Las doctrinas erráticas, la seducción del poder y
la fuerza engañadora del mal provocan la apostasía. Pero también la
conducta desordenada puede dividir a la comunidad. Y así como hay
que rechazar las enseñanzas de quienes niegan la venida gloriosa del
Señor por sus expresiones mentirosas, también es necesario apartarse
de quienes niegan la presencia del Señor, pues viven de tal manera
que sus prácticas rechazan los preceptos apostólicos. Y si la
enseñanza se recibió “por palabra o por carta”, la práctica
cotidiana se recibió por imitación de vida (1 Tes, 3,7). El v.
repite textualmente 1 Tes 2,9. Pero el contexto argumentativo ha
variado totalmente. Mientras en 1 Tes quiere indicar la disposición
fraterna del grupo misionero a sostenerse a sí mismo para no
depender de nadie y manifestar así su libertad, en este contexto es
dado como una conducta a ser imitada, como un ejemplo a ser seguido
por la comunidad y por sus miembros en su vida cotidiana.
La recomendación de sostenerse a sí mismos
mediante el trabajo manual ya está en 1 Tes 4,11. Cabe preguntarnos,
a quiénes, en la comunidad, va dirigida esta amonestación.
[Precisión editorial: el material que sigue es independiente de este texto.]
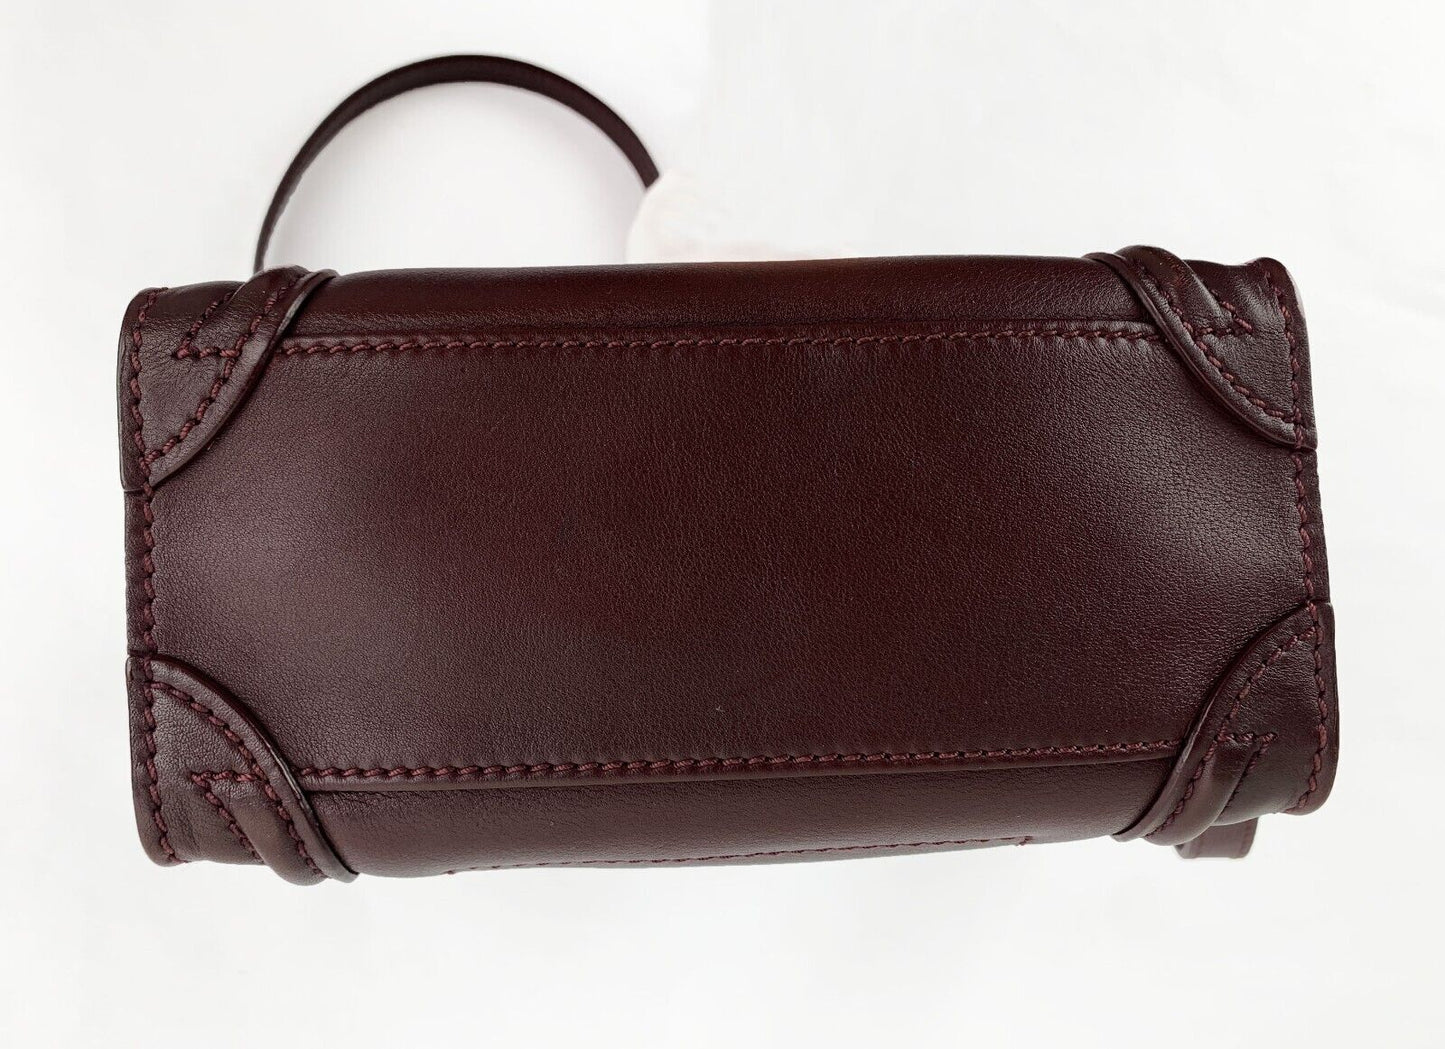 CELINE NANO LUGGAGE BAG Tote Handbag Burgundy Red Shoulder Bag

Descartemos a los esclavos, dados que no está en ellos la opción de
trabajar o no. Tampoco es posible pensar en los simples artesanos
urbanos que probablemente constituyeran la mayoría de este grupo de
creyentes; ellos normalmente vivían al día, debían sostener a sus
familias; y si todos, o un grupo significativo de ellos dejaba de
sostenerse a sí mismo para vivir de “fondos comunitarios”,
seguramente en poco tiempo se agotarían los recursos. En el mundo
antiguo los que apreciaban el ocio eran las clases superiores, o los
aspirantes a integrarlas: propietarios menores que vivían de sus
esclavos, o patrones comerciantes. Estos no “viven del trabajo de
sus manos” y tienen tiempo para sembrar rumores, frecuentar los
juegos y fiestas cívicas y “hacer sociales”, mientras otros,
esclavos, dependientes y clientes, trabajan para ellos y producen el
pan que comen.
“El que no trabaja que tampoco coma” no está
dirigido, como tantas veces se ha usado, a los desvalidos y humildes
que necesitan la solidaridad del grupo, sino a los que viven del
trabajo ajeno, a los explotadores de los otros, a los que acumulan
bienes más allá de sus necesidades con el sudor de los demás. Estos
son los que no trabajan en nada, viven desordenadamente metiéndose
en lo ajeno (v. 11). Estos son lo que deben trabajar y comer su
propio pan. Sin duda, la Iglesia primitiva, como sabemos, tuvo una
práctica de asistencia mutua desde sus mismos orígenes.
Y no puede negarse que siempre hay posibilidad de abusos en estas
circunstancias. Pero los abusos a estos sistemas de solidaridad
nunca serán tantos y tan nefastos como los abusos de los poderosos
que viven del trabajo ajeno, que se enriquecen con el esfuerzo de
otros, que comen su pan sin haber sembrado ni molido un solo grano
de trigo. Por eso, junto con la recomendación de trabajar va la
recomendación de “hacer el bien”. La excusa de los abusos no puede
servir como argumento para dejar de ser solidarios con los más
necesitados, ni el afán de acumular debe reemplazar a la generosidad
de los que pueden hacer algo. La vida práctica de la comunidad es
también una forma de predicar, y de predicar una opción de vida que
cuestiona y desafía a los dioses del poder, a las justificaciones
ideológicas de los explotadores, o al desapego a la caridad que
exhiben los agentes del Imperio, entonces y ahora.
La iglesia cristiana es una comunidad solidaria.
Usar el texto: “El que no trabaja que tampoco coma”, en un contexto
de desocupación, subempleo o salarios de hambre como ocurre en
nuestro continente latinoamericano, solo puede venir de almas
insensibles. No es ese el sentido que le dieron los autores de 2 Tes.
Desgraciadamente, en nuestras sociedades hay muchos que pasan hambre
trabajando, y los que más abundancia tienen suelen pasarse mucho
tiempo libre, viviendo de la especulación o del trabajo de otros.
Mostrar que en esta carta este texto sirve para ayudar a la
construcción de un sentido solidario, para desarmar los mecanismos
de exclusión o de mutua agresión, puede ayudar a superar ese uso
egoísta que muchas veces se ha hecho del texto. El evangelio debe
ser predicado con las formas de vida, y la palabra que pone broche a
este texto es “no se cansen de hacer el bien”.